The tragedy of the St. Louis and the repressive and mean-spirited policies of the Trump Administration are not identical, but they are chilling enough to give us pause. When the St. Louis was turned away from the U.S., 83% of Americans polled by Fortune magazine opposed the admission of Jews and others fleeing Nazi persecution. In March of 2017, the Denver Post reported that 52% of all Americans polled supported greater restrictions on the admission of refugees into the United States. While the recent figures appear to reflect a great improvement in public attitudes, it should be remembered that a majority of Americans are today concerned about a further mass influx of refugees that is unlikely to occur: Germany, for example – yes, Germany, the nation that murdered so many on the St. Louis – has taken more refugees in the past year than we have in the past 10 years. President Trump’s Draconian efforts to stop individuals, including would-be asylum seekers, from entering the United States from blood-soaked, war-torn Syria, Yemen, and other Muslim countries, is an excessive restraint on immigration where there already exists detailed vetting of would-be refugees and visitors, and where there is no evidence that a tidal wave of foreigners is set to besiege the airports of America. Indeed, the fear (or pretense) of the Administration and many in Congress that without a travel ban we are on the verge of an invasion of dangerous Middle Easterners is belied by the fact – the real fact, not a false or alternative fact – that virtually all of the Islamist terrorists who have murdered and injured Westerners, including very recently and tragically in Manchester, England, were homegrown. Furthermore, the demagogic statements from many of our political leaders about the possible invasion of our country by dangerous foreigners sound eerily similar to the rhetoric anti-Semites in and out of government who opposed the post-World War II admission of Jewish refugees from the Holocaust because of the lie the would-be immigrants were criminals and communists.

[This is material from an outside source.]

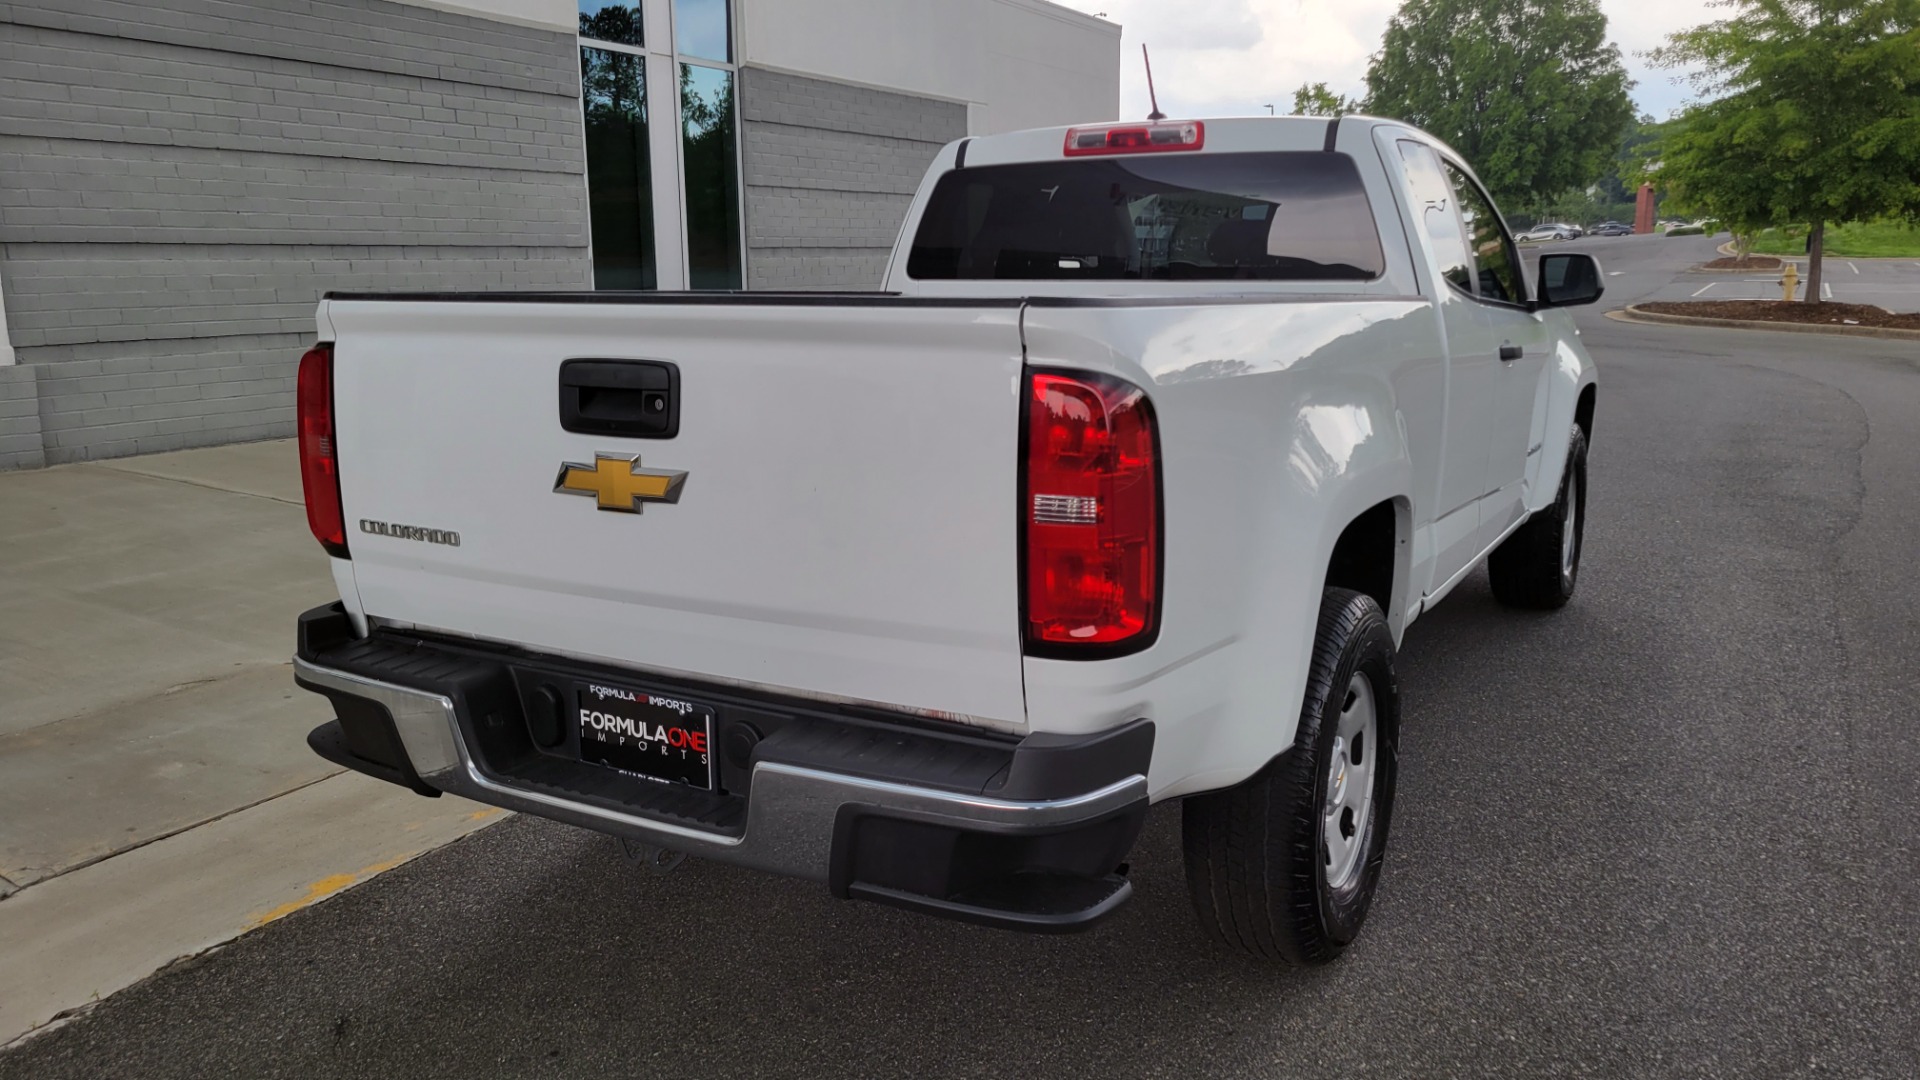 Used 2018 Chevrolet COLORADO EXT CAB / 2.5L / 2WD / 6-SPD AUTO / WORK TRUCK / REARVIEW for sale Sold at Formula Imports in Charlotte NC 28227 9

History may not repeat itself, but it often rhymes. As we approach the 78th anniversary of the tragic odyssey of the St. Louis, we should be mindful that the presidential and political paranoia about today’s immigration challenges needs to be overcome by common sense and compassion, lest the ghosts of the passengers of the Voyage of the Damned haunt us forever.


Bruce J. Einhorn is a retired federal judge, a law professor, and the Founding Chair of the Committee for the Persecuted and Enslaved, a nonprofit refugee assistance organization.